The consequences of housing failure are alarming. Lack of reliable access to good quality housing can prevent people connecting to job opportunities; affects the recruitment and productivity of companies; can harm community cohesion; disturbs the social and educational development of children; and has harmful effects on health and wellbeing.

There is a lack of imagination in our responses to these challenges, reflected in the poor quality of the housing debate in the UK. As we argued recently, too much of it descends into endless conversations about supply and planning. There is too little strategic and innovative thinking about what sorts of homes we want and need to build a society that is prosperous and inclusive. Homes provide a platform for bringing communities together; where people share space, socialise, eat together and care for each other. But housing doesn’t exist in a vacuum. It is a critical part of a wider social infrastructure that connects people to opportunity and strengthens their civic identities and social networks.

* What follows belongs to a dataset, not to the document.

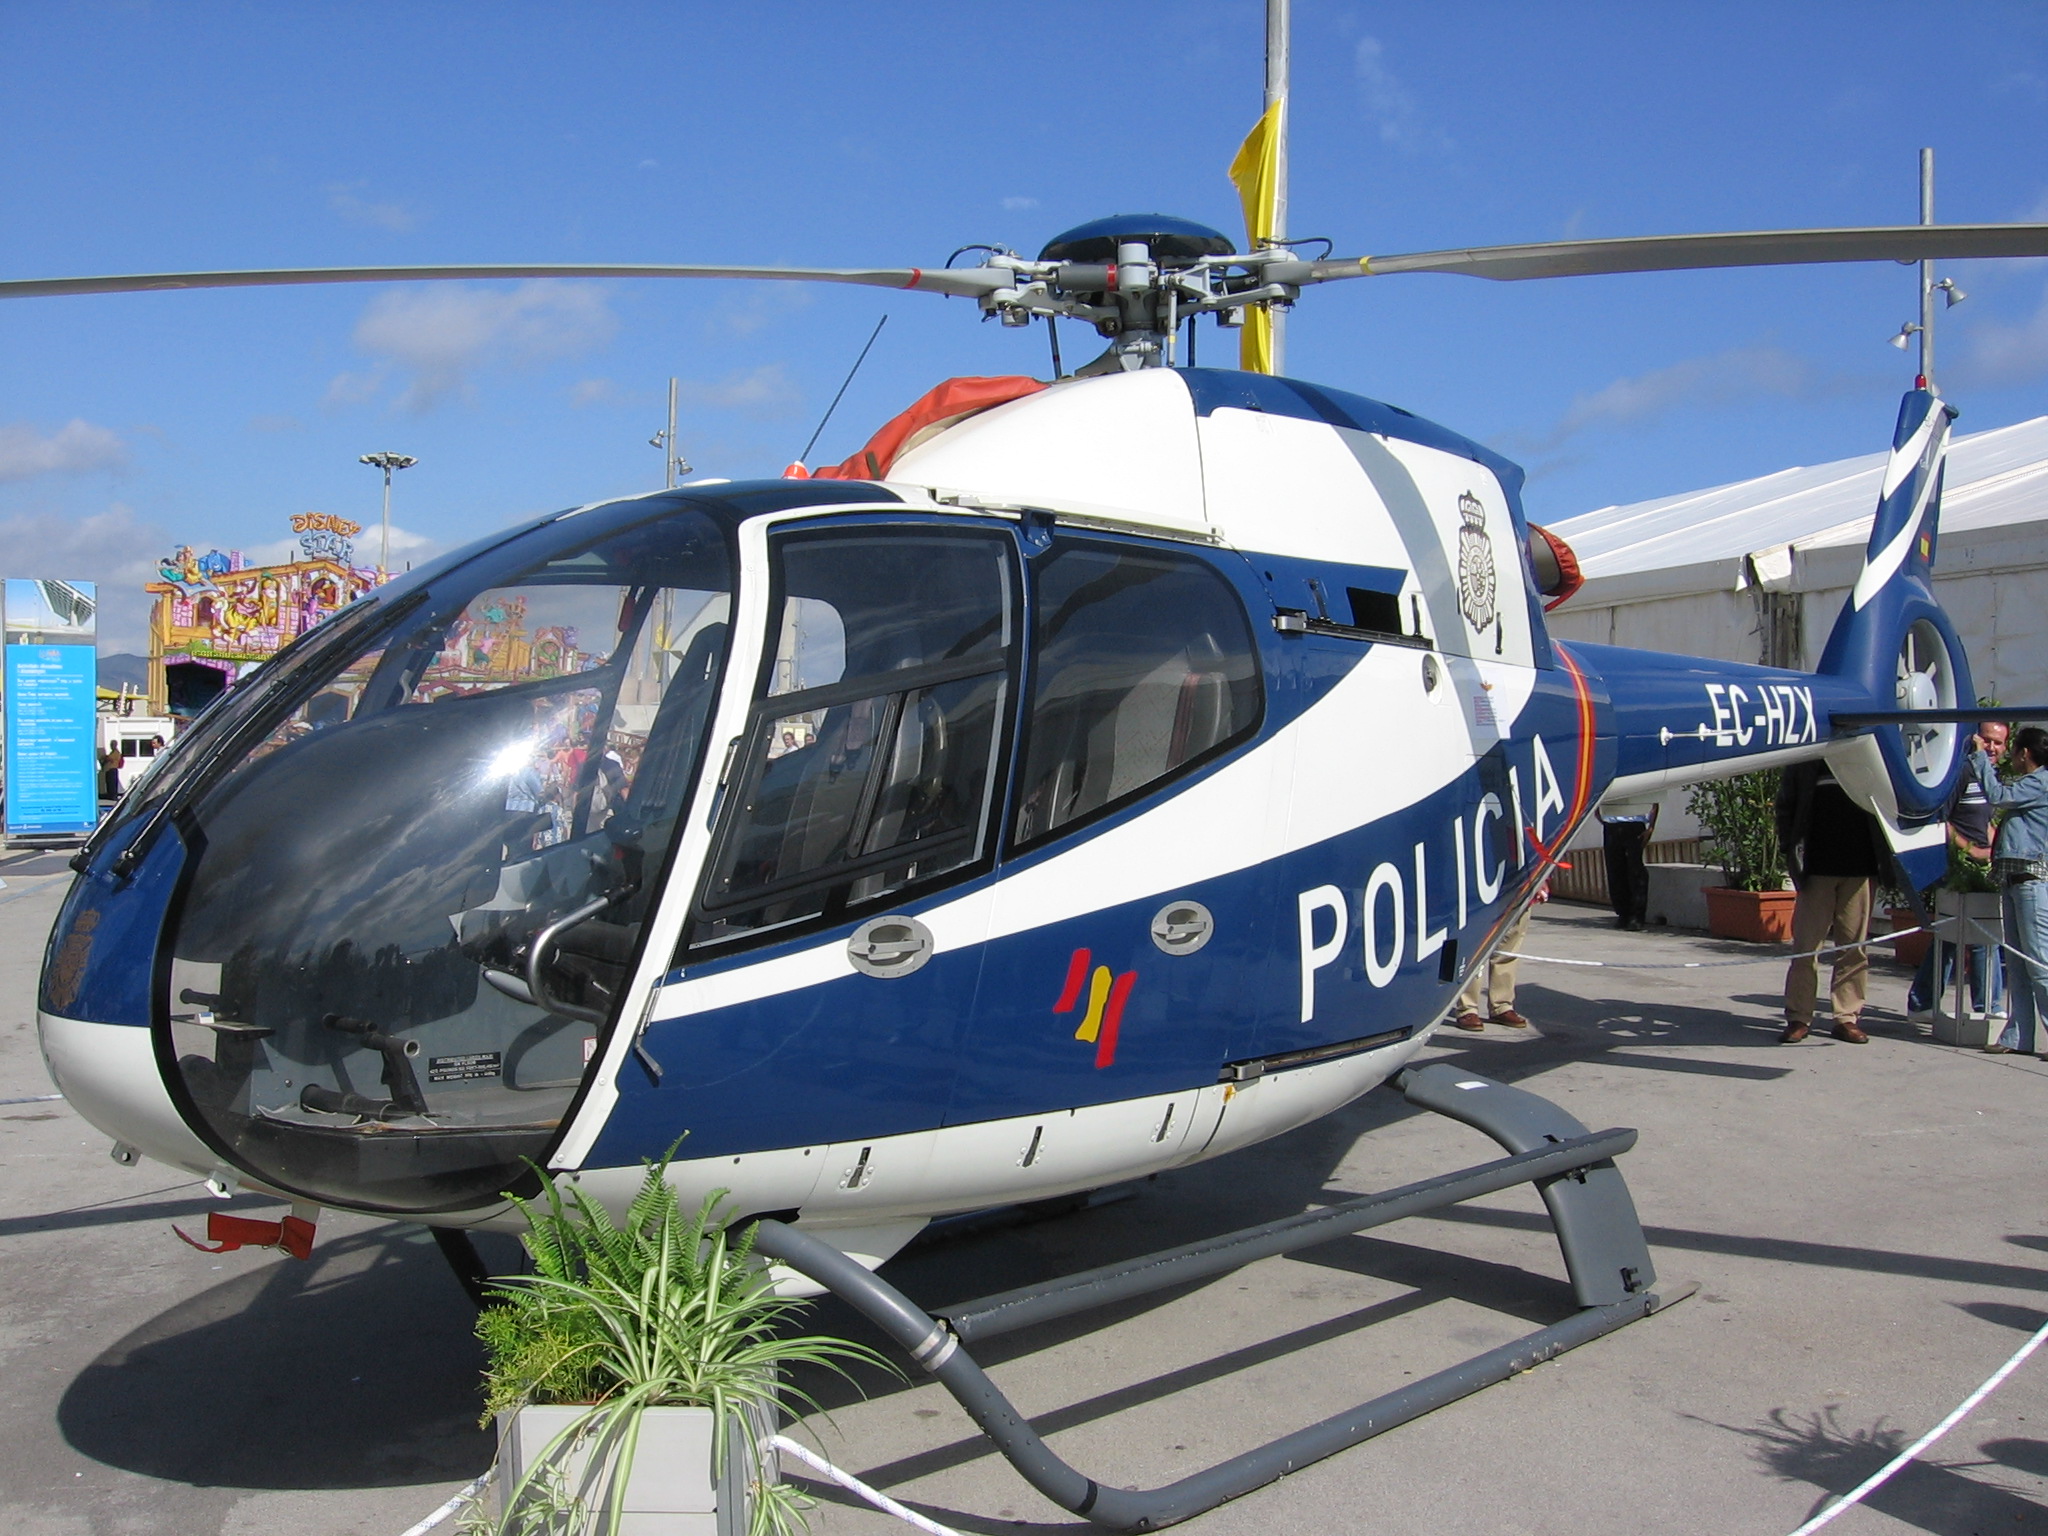 Eurocopter Colibri Policia Nacional

It is precisely this sort of thinking and approach that is driving Switzerland’s ‘More than Housing’ (MtH) initiative in Zurich. MtH is one of the largest housing cooperatives in Europe, the result of collaboration between 50 different cooperatives. It consists of thirteen buildings, 400 housing units, 35 retail units and large shared community spaces and neighbourhood infrastructure. It is deliberately designed to be socially inclusive, offering all types of homes: from family apartments to single units and cluster apartments, and engaging with community organisations to ensure underrepresented groups have access. 

MtH is a large-scale test bed for low-carbon living, with environmental features that go well beyond legal requirements. There are also car and bike-sharing schemes that reduce environmental impacts and build social connection. A culture of participation underpins the whole enterprise, with dialogue, consultation and participation from tenants and the community embedded into every stage of the project. As a cooperative, it is owned by its members.  

MtH also lives up to its name by creating deep links into the wider community and public infrastructure, including joint initiatives with schools and youth workers. Over a tenth of the residents both live and work in the buildings within the project, and 200 are active volunteers that run classes, including language and integration classes.

While innovative and community-led housing is a growing presence in the UK, it’s still a tiny portion of the overall stock. The features of our policymaking structures and institutions are a key reason. In Switzerland, a permissive environment for initiatives such as MtH is created because of a strong policy, cultural and democratic commitment to alternative housing and an appreciation for how it links to wider public priorities. More than 25% of homes in Zurich are not-for-profit (the majority of these owned by cooperatives). In 2011, local people voted to increase the proportion of not-for-profit housing to 33% by 2050.  

Institutional, regulatory and policy changes are certainly required to promote better housing and social policy in the UK. But there’s also a pressing need to have a very different and more participative debate about housing and what sort of homes we need in modern Britain.